A privilege escalation vulnerability exists in Microsoft browsers allowing sandbox escape. An attacker who successfully exploited the vulnerability could use the sandbox escape to elevate privileges on an affected system. Attackers can exploit this issue by enticing an unsuspecting user to view a specially crafted web page.

Microsoft Edge Information Disclosure Vulnerability (CVE-2018-8358) MS Rating: Important

A security bypass vulnerability exists when Microsoft browsers improperly handle redirect requests. The vulnerability allows Microsoft browsers to bypass CORS redirect restrictions, and to follow redirect requests that should otherwise be ignored. Attackers can exploit this issue by enticing an unsuspecting user to view a specially crafted web page.

Microsoft Edge Information Disclosure Vulnerability (CVE-2018-8370) MS Rating: Important

A information disclosure vulnerability exists when WebAudio Library improperly handles audio requests. An attacker who has successfully exploited this vulnerability might be able to read privileged data across trust boundaries. Attackers can exploit this issue by enticing an unsuspecting user to view a specially crafted web page.

Microsoft Edge Spoofing Vulnerability (CVE-2018-8383) MS Rating: Important

A spoofing vulnerability exists when Microsoft Edge does not properly parse HTTP content. An attacker who successfully exploited this vulnerability could trick a user by redirecting the user to a specially crafted website. Attackers can exploit this issue by enticing an unsuspecting user to view a specially crafted web page.

Microsoft Edge Privilege Escalation Vulnerability (CVE-2018-8388) MS Rating: Low

A spoofing vulnerability exists when Microsoft Edge improperly handles specific HTML content. An attacker who successfully exploited this vulnerability could trick a user into believing that the user was on a legitimate website. Attackers can exploit this issue by enticing an unsuspecting user to view a specially crafted web page.

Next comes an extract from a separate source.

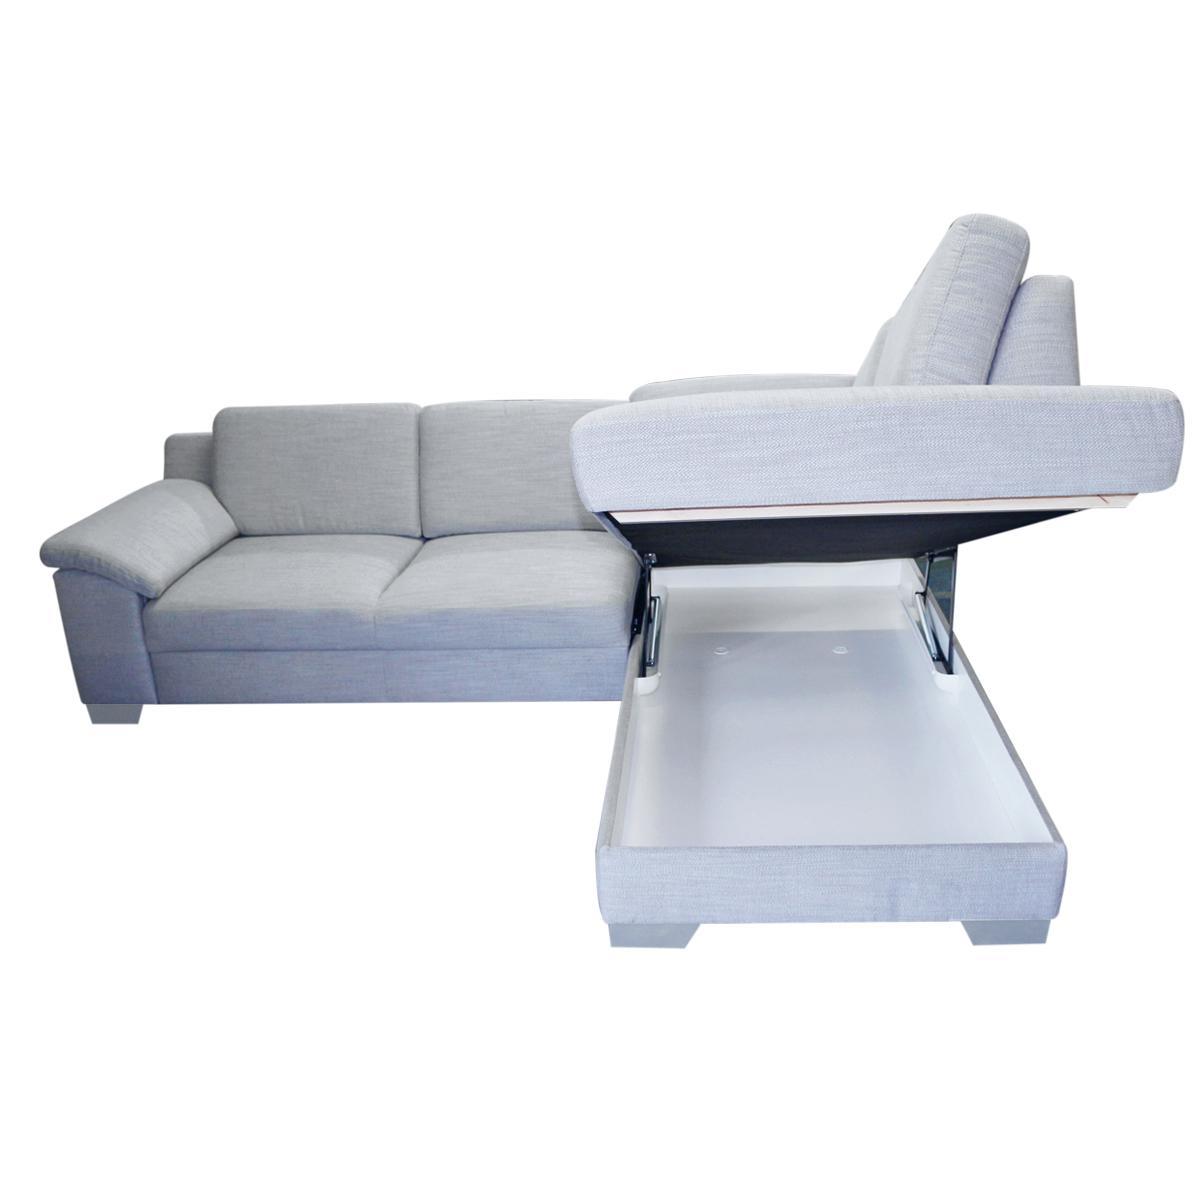 Rohová sedačka MALIBU - Obrázok č. 3

Scripting Engine Memory Corruption Vulnerability (CVE-2018-8389) MS Rating: Important

A remote code execution vulnerability exists in the way that the scripting engine handles objects in memory in Internet Explorer. This vulnerability may corrupt memory in such a way that an attacker could execute arbitrary code in the context of the current user. Attackers can exploit this issue by enticing an unsuspecting user to view a specially crafted web page.

Cumulative Security Update for Microsoft Office

Microsoft Exchange Memory Corruption Vulnerability (CVE-2018-8302) MS Rating: Critical

A remote code execution vulnerability exists in Microsoft Exchange software when the software fails to properly handle objects in memory. An attacker who successfully exploited the vulnerability could run arbitrary code in the context of the System user.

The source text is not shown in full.